The Greeny slime continues...This morning Greens MP Adam Bandt was asked about Mr Joyce’s comments during an interview on ABC RN, and whether the party was cautious about backburning.
“We support hazard reduction burns,” Mr Bandt said.

Greens MP Adam Bandt says the party does support hazard reduction burns. Picture: David Crosling/AAPSource:AAP
“We support effective and sustainable backburning strategies guided by the fire authorities, we will listen to what the fire authorities say is necessary.”
Mr Bandt said fire authorities had made the point in recent days that it was harder to do effective backburning because fire seasons were getting longer due to climate change.
He said former and current fire chiefs had also made the point that the amount of backburning necessary to avoid catastrophic fires was becoming impractical because of increasing drought.

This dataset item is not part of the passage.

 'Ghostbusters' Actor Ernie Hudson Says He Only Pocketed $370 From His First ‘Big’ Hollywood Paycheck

But RN Breakfast host Hamish Macdonald brought the conversation back to criticisms made by Mr Joyce.
“Do you acknowledge that the fire authorities are having difficulties getting into national parks to do backburning at appropriate times?” Macdonald asked.
Mr Bandt responded: “I’ve listened very closely to what fire authorities have been saying over recent days and I have not heard them say that that is their primary problem”.

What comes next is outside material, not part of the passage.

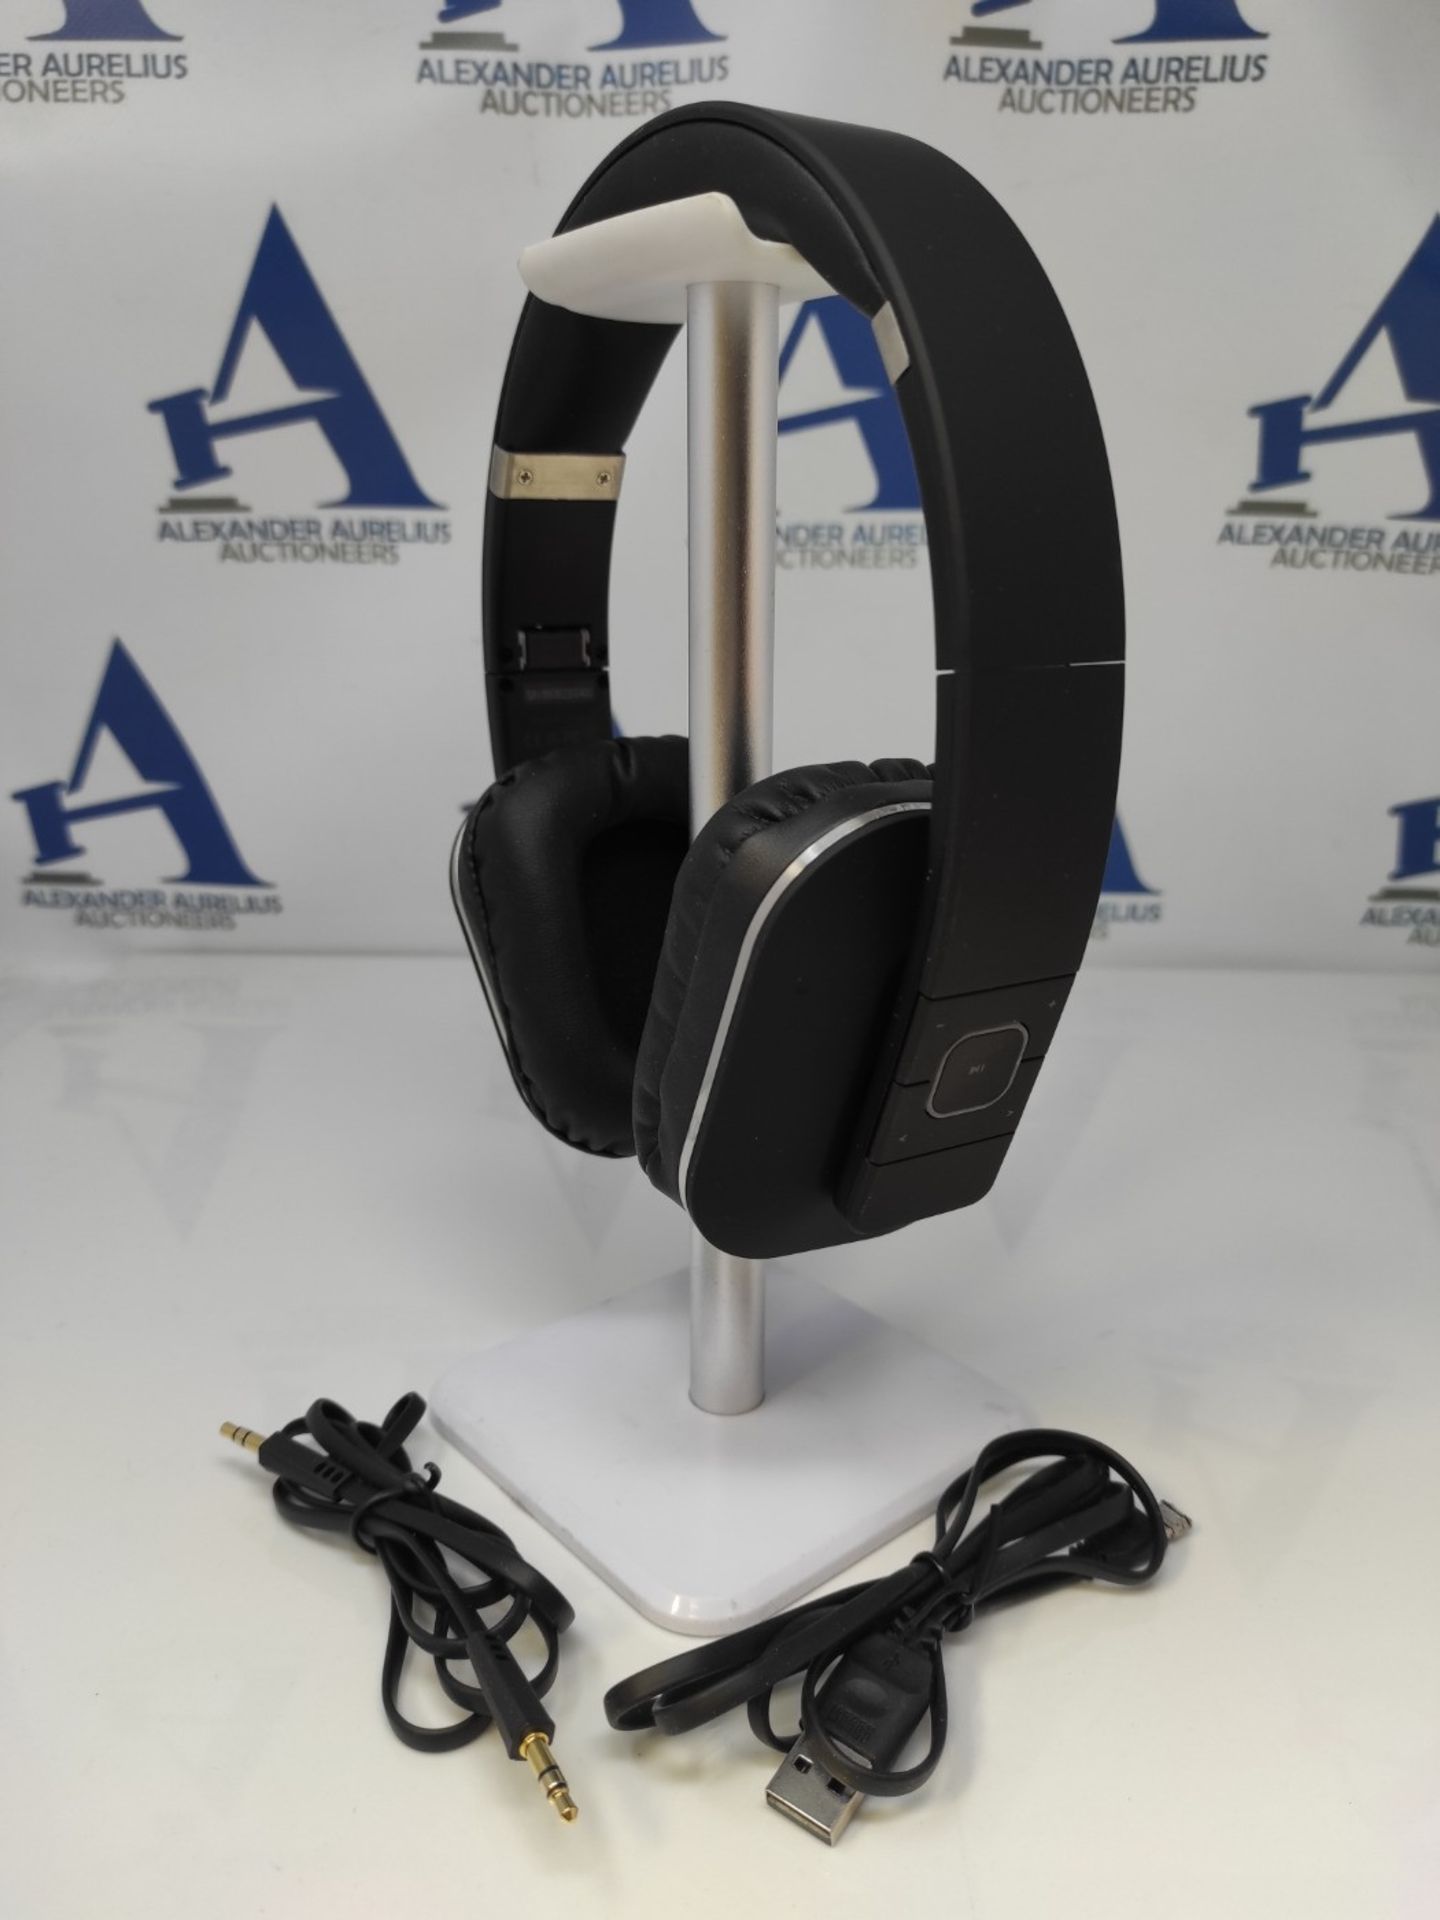 Wireless Bluetooth Headset 4.2 aptX Low Latency - August EP650 - Over Ear, Lightweight - Image 6 of 6

Macdonald hit back with: “Have you heard them say that it is a problem?”
Mr Bandt tried to steer the conversation on to the comments about “unprecedented” conditions but Macdonald pulled him back.
“I appreciate that you are trying to take this conversation elsewhere,” Macdonald said.

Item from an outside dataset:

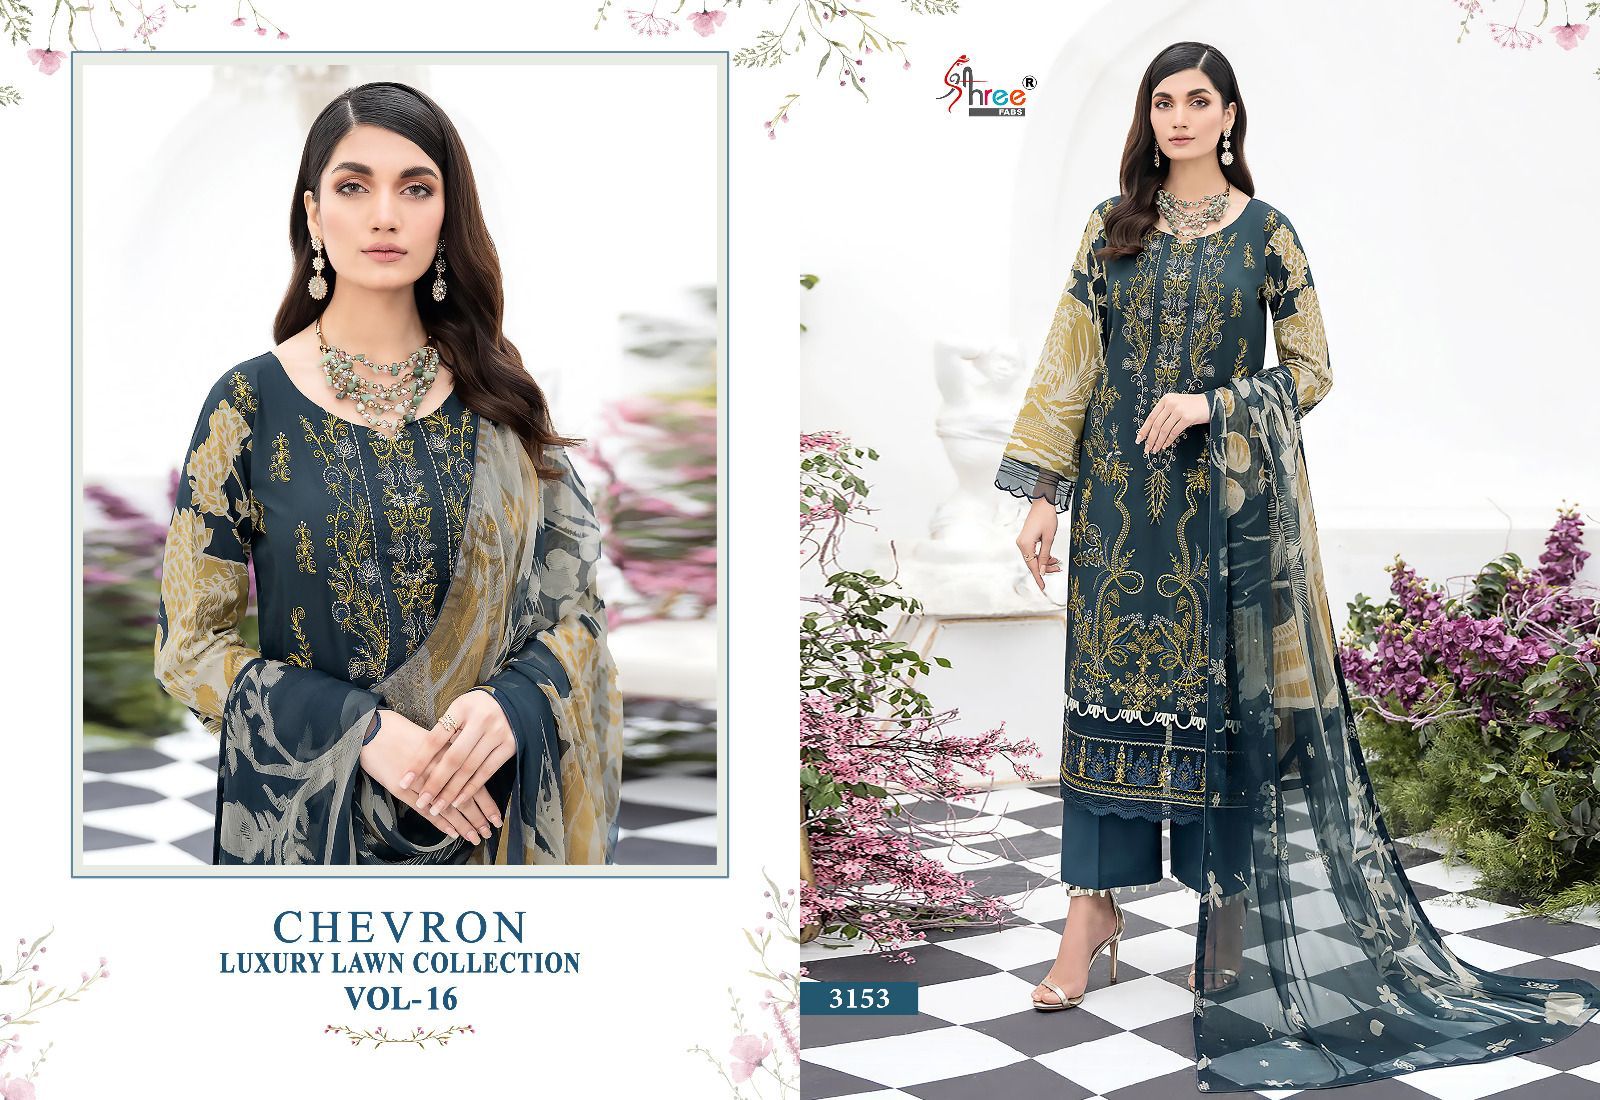 Shree Chevron Luxury Lawn Collection Vol 16 collection 6

“But I am seeking a pretty direct answer to this question, and that is whether you acknowledge that there are problems for the fire authorities getting into national parks, to do the backburning when they have the opportunity? It may not be the primary cause that’s been outlined to you, but do you accept that it is part of the problem?”
Mr Bandt answered: “We support effective backburning strategies guided by the fire authorities, so if the fire authorities have something to say on that point, of course we’ll listen.
“But we are not in power in the NSW Government, the Liberal Government is in power there, so if people like Barnaby Joyce have got concerns they should direct them to there.”
While many people use the terms interchangeably, hazard reduction is done ahead of bushfire season to reduce the intensity of fires if they do happen, while backburning is done as a last resort to stop a fire that’s already burning.
A Qld Dept of Environment and Science (DES) spokesperson said the agency had worked to reduce fuel loads and minimise the impact from fires by carrying out planned burns.
“The department takes its obligations in regards to fire management very seriously, with priority given to protecting life and property, particularly where urban and rural communities adjoin our parks and forests,” the spokeswoman said.
“This year, since January, there have been 296 planned burns conducted in protected areas, covering more than one million hectares. This (is the) most hectares treated by planned burns in five years.”

A strike team from the ACT RFS perform bushfire property protection at Telegraph Point north of Port Macquarie on the NSW mid north coast. Picture: Nathan Edwards.Source:Supplied
In an article on The Conversation, Professor David Bowman of the University of Tasmania explains that the purpose of fire reduction burning is to reduce the intensity of fires by removing things such as leaf litter.
It has to be done frequently to be effective and this has raised concerns among ecologists.
“In Victoria, for instance, the 5% fuel-reduction target means a given area of bush will be burnt every 20 years,” he wrote.
“But ecologists are concerned that such high frequencies can have damaging effects on plant and animal species that require longer fire-free intervals to complete their life cycles.”
Prof Bowman said there was debate about the effectiveness of fuel-reduction burning, given that a huge area of landscape needs to be treated.
“It is also dangerous work, which carries a risk of destroying houses and infrastructure if the fires escape control.”
Another serious side effect was smoke pollution.
“Because of these constraints, attention is increasingly being focused on managing fuel without burning,” he wrote.
“This can involve using herbivores and thinning vegetation, including burning the debris in specially designed portable furnaces that have low smoke emissions.”
Mr Bandt has caused controversy in recent days after he suggested the PM Morrison was responsible for the dangerous bushfire conditions, because of the government’s lack of action on climate change.
“We have been told for decades now that unless we keep coal in the ground and cut pollution drastically then the risk of fires like this is going to increase,” Mr Bandt told RN on Tuesday.
But his comments linking the bushfires to climate change were slammed by Deputy PM McCormack, who said people didn’t need to hear the “ravings of some pure, enlightened and woke capital city greenies at this time”.